* Supplied material *
=== Section Start ===
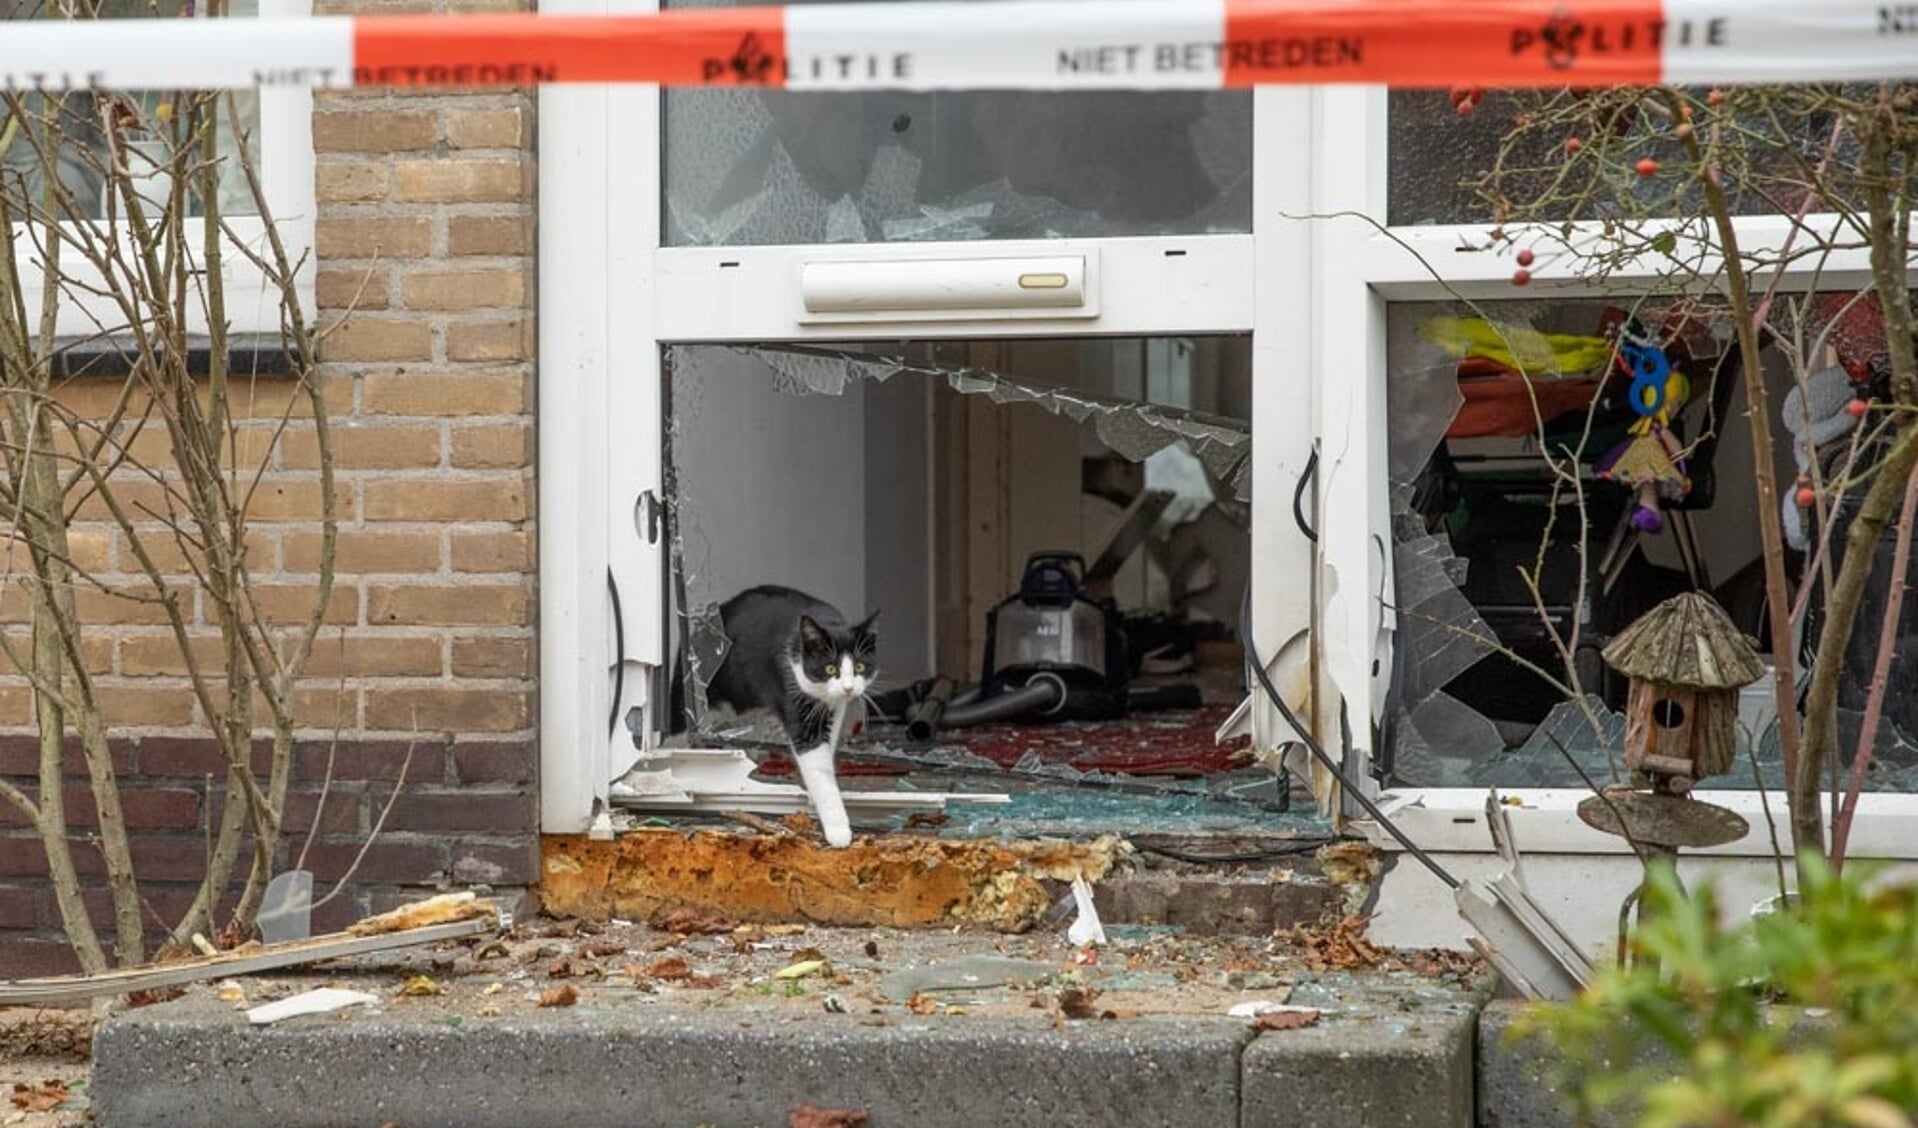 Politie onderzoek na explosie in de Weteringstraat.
=== Section End ===
=== Section Start ===
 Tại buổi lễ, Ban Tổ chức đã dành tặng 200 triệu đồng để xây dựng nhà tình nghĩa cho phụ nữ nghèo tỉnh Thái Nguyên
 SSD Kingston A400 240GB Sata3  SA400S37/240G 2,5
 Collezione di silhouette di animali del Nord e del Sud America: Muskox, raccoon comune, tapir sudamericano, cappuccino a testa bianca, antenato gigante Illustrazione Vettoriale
=== Section End ===
* Exercise objective *
Using the records above, write out exactly the lines between the one holding "Tại buổi lễ, Ban" and the one holding "SSD Kingston A400", inclusive; leave everything else out.

* Exercise response *
 Tại buổi lễ, Ban Tổ chức đã dành tặng 200 triệu đồng để xây dựng nhà tình nghĩa cho phụ nữ nghèo tỉnh Thái Nguyên
 SSD Kingston A400 240GB Sata3  SA400S37/240G 2,5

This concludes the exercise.